When the grieving mother wasn’t looking, Healy gave Detective Hines a nod that it was time to go. She winked back in agreement. They spent a few more minutes with Evelyn Marsden, taking her phone number, and reassuring her that someone would get back in touch with her about Edgerin’s case.
They did a few more floors, but it was getting late and getting them nowhere. Healy suggested they quit for the night. Blades didn’t take much convincing. They walked back to the car in silence. When they got there, all four tires had been slashed and pellets from the smashed front windshield adorned the top of the dashboard like careless diamonds.
“Looks like someone else besides Evelyn Marsden took exception to our being here,” Blades said. “Too bad they took it out on your car.”
“Yeah, too bad,” Healy agreed, trying unsuccessfully to contain a smile. “What you smilin’ at?”
“We hit a nerve.”
“That’s what you’re smilin’ at?”
“Someone’s trying to warn us off.
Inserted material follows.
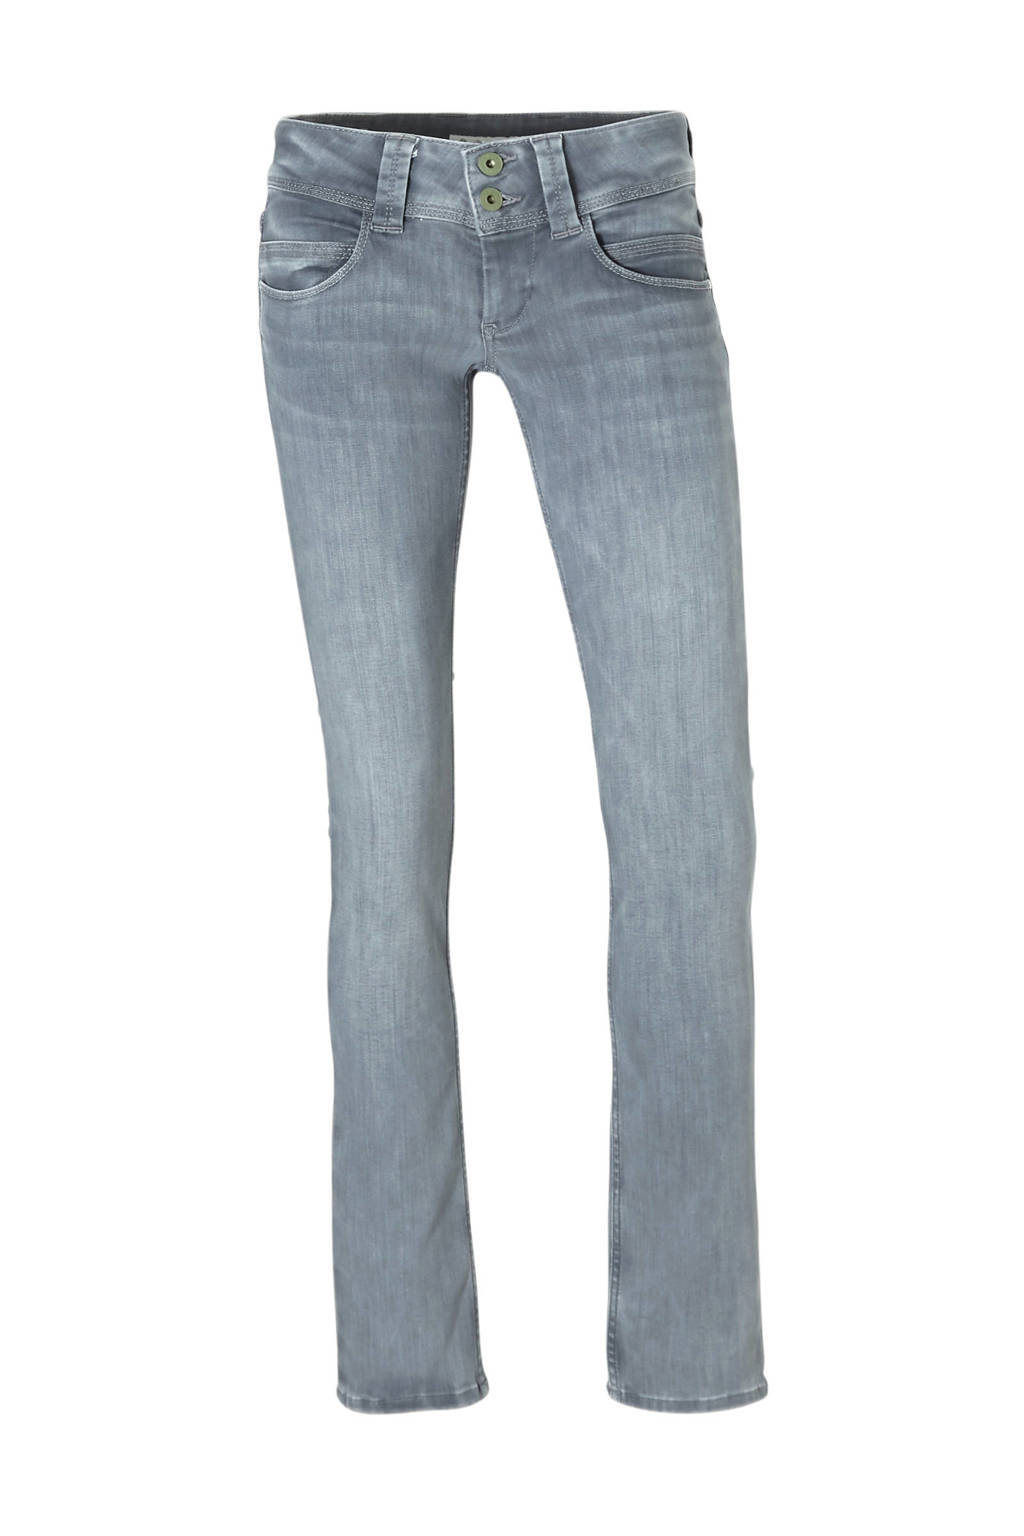 Pepe Jeans Venus straight fit low waist jeans, Grijs

That means somebody’s scared.”
“And that’s a good thing?”
“Maybe not for my car, Blades, but for us, yeah.”
It was near midnight when they got to Blades’ West Village apartment. Healy had AAA tow the car back to Long Island, to the body shop he’d had Serpe’s wrecked car taken to after Joe’d been run off the road last year. The whole time the tow driver was hitching up his car, Healy was thinking about Noonan’s Body Shop and about Debbie Hanlon. That got him thinking about Albie Jimenez and the weird paths down which crimes can take a man. Healy couldn’t believe that Rusty Monaco’s getting murdered on a dead end street in Wheatley Heights had led him back to the Nellie Bly Houses. He thought he’d left behind men like Monaco and places like the projects when he put in his papers, but if being around Serpe had taught Bob Healy anything, it was that you never really leave the job behind. “Nice place.”
“You want something to drink?” Blades asked. “A beer.”
“My apartment’s probably the size of one of your closets out there on Long Island.”
“Just about,” he confessed.
He could have hitched a ride back to the island with the tow truck driver, but decided to pass up the lift. He would only have to come back tomorrow anyway, so Blades and him could finish canvassing and talk to the local precinct detectives about Edgerin Marsden. He felt terrible for the mother. So did Blades, but like they discussed as they waited for the tow, Edgerin Marsden’s murder was, like so much else that happened at the time, swallowed up in the wake of 9/11. He couldn’t really blame the detectives who caught the Marsden case for not doing a full court press on it. Those were strange days. Everybody was in shock and operating on autopilot.